• _DATA PROVIDED_
┄┄┄┄┄┄
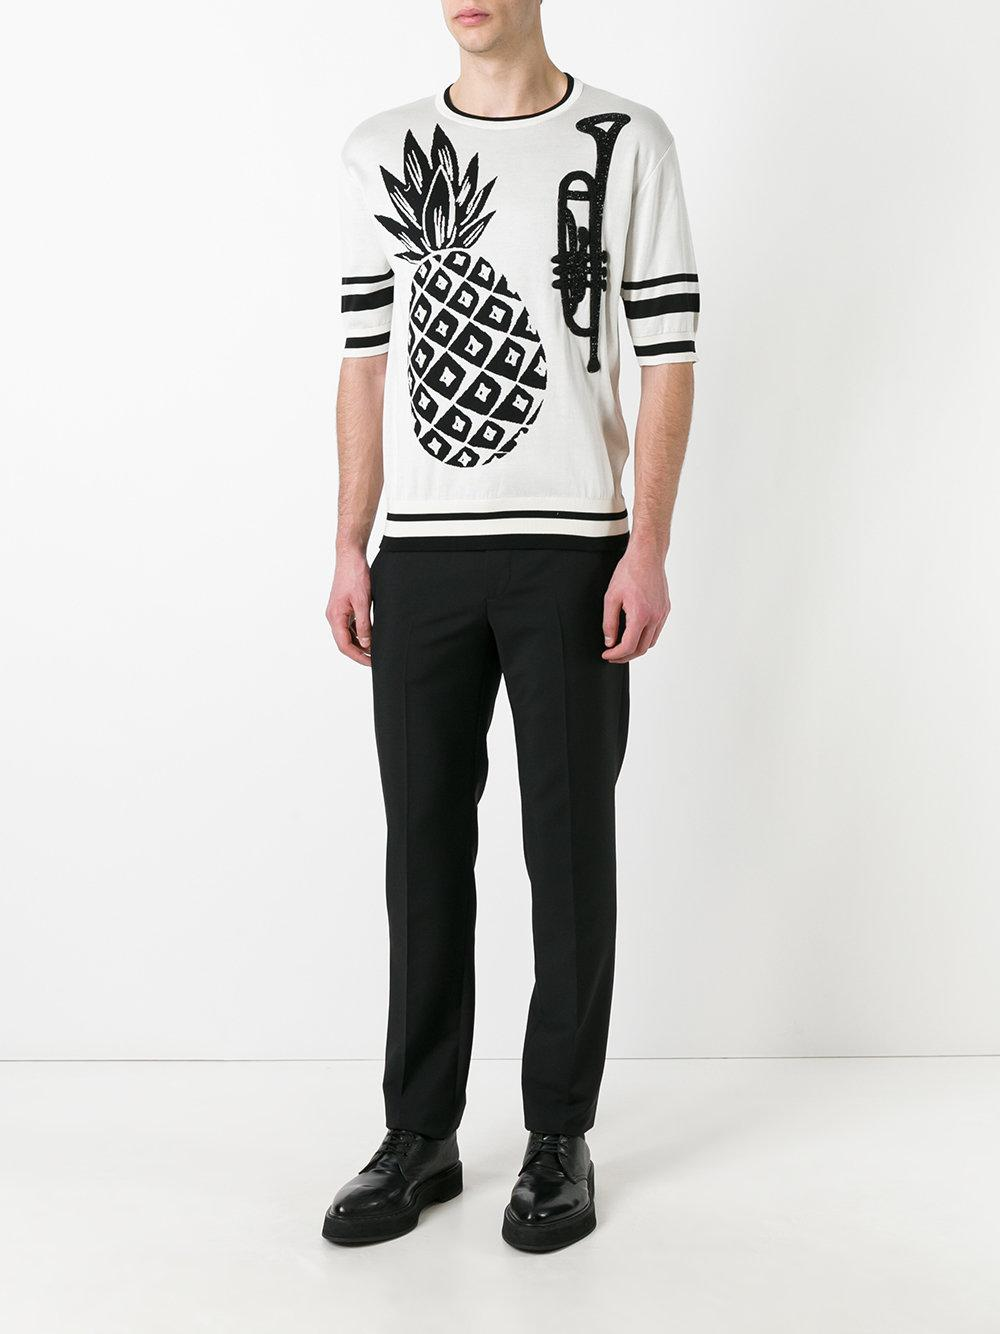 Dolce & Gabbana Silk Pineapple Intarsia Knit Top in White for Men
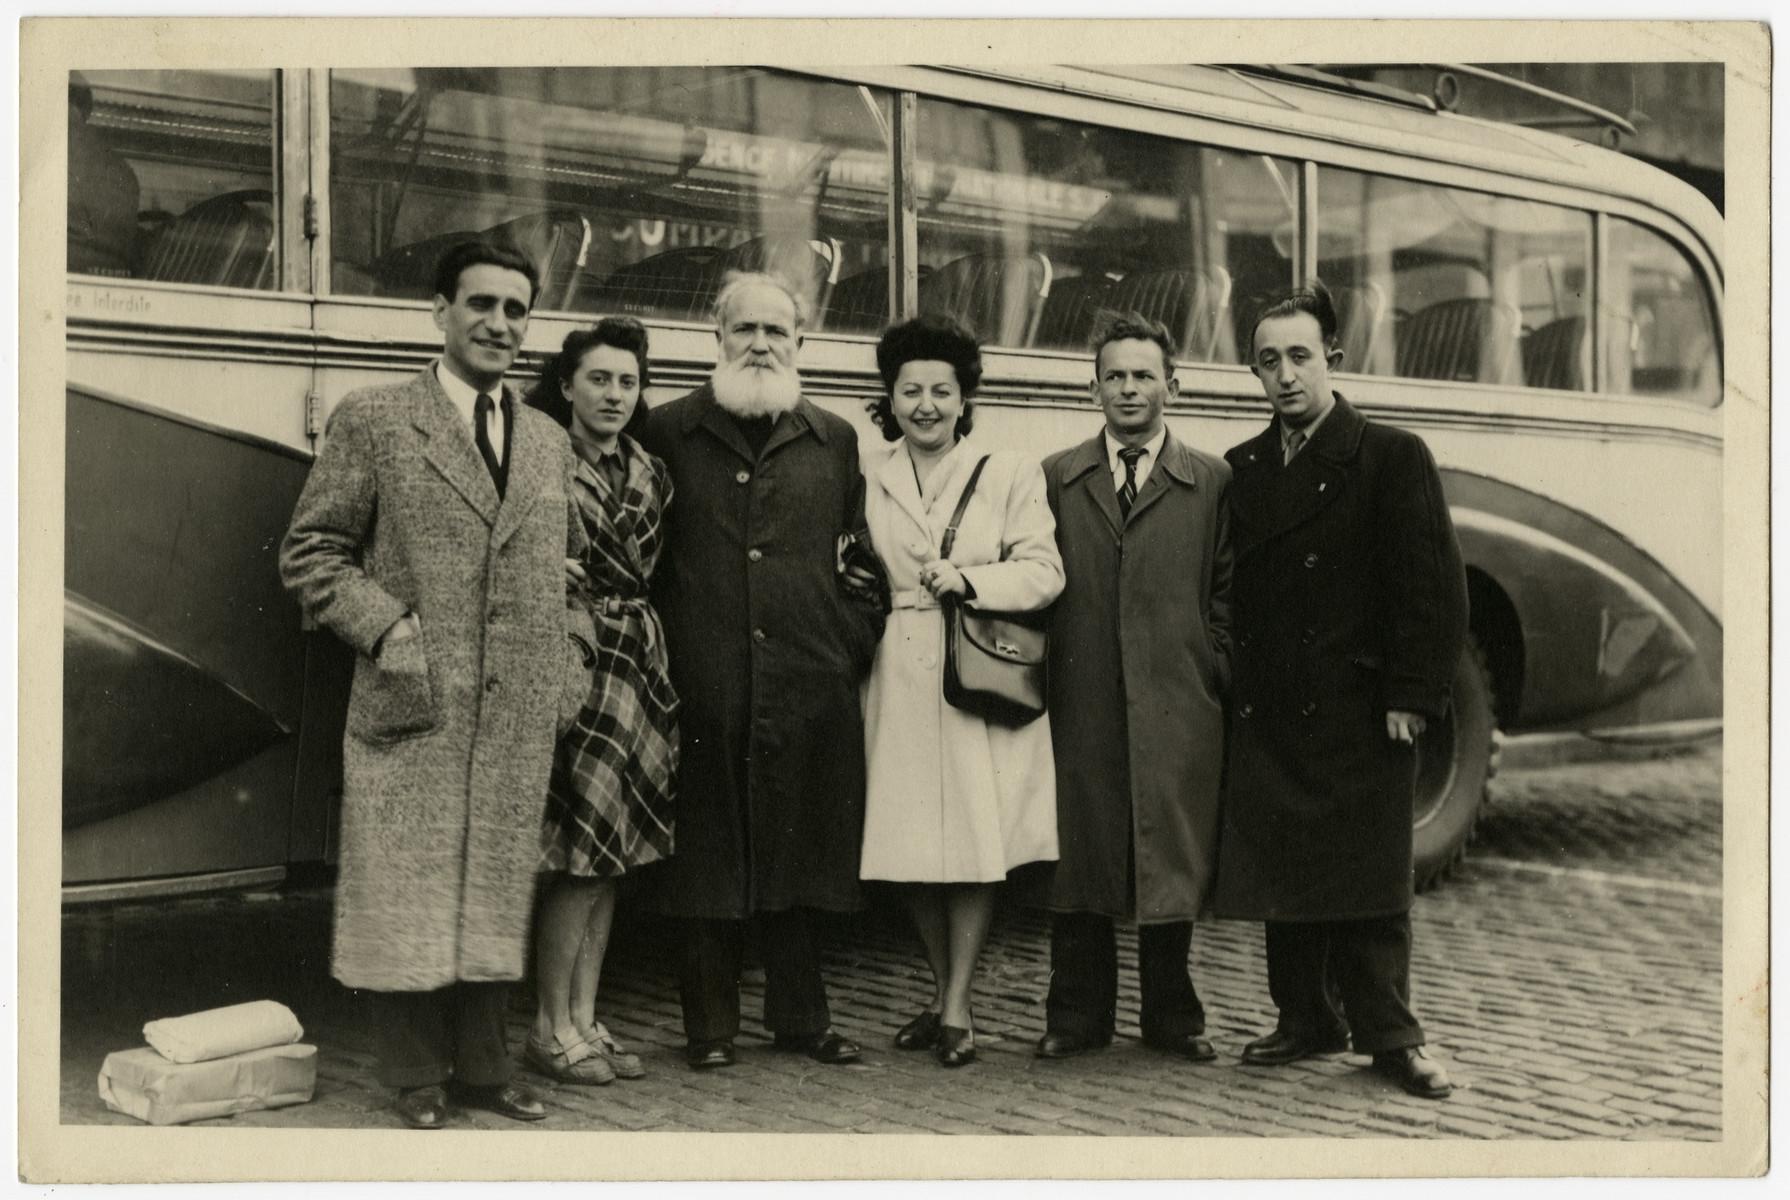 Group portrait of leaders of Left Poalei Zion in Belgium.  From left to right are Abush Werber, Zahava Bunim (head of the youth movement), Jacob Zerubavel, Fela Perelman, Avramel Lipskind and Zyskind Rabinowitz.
┄┄┄┄┄┄
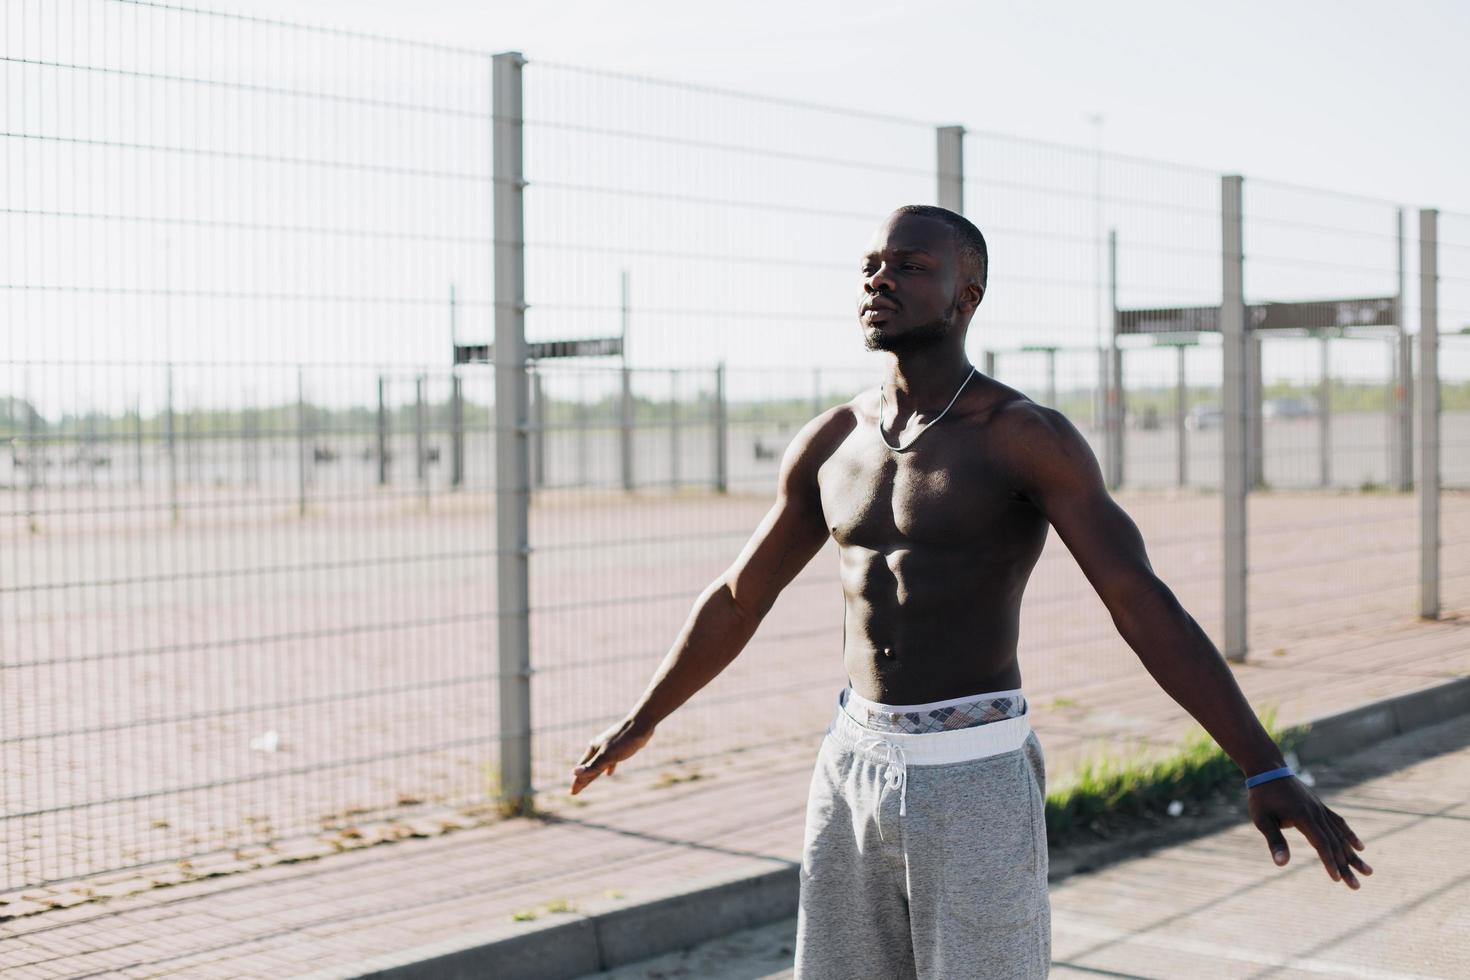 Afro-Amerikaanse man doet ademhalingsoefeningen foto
┄┄┄┄┄┄
• _REQUIRED ACTION_
When you reach the line that has "Dolce & Gabbana" in the data above, start repeating lines exactly, and stop after the line that has "Group portrait of"; pictures stay out.

• _RESULT OF THIS EXERCISE_
 Dolce & Gabbana Silk Pineapple Intarsia Knit Top in White for Men
 Group portrait of leaders of Left Poalei Zion in Belgium.  From left to right are Abush Werber, Zahava Bunim (head of the youth movement), Jacob Zerubavel, Fela Perelman, Avramel Lipskind and Zyskind Rabinowitz.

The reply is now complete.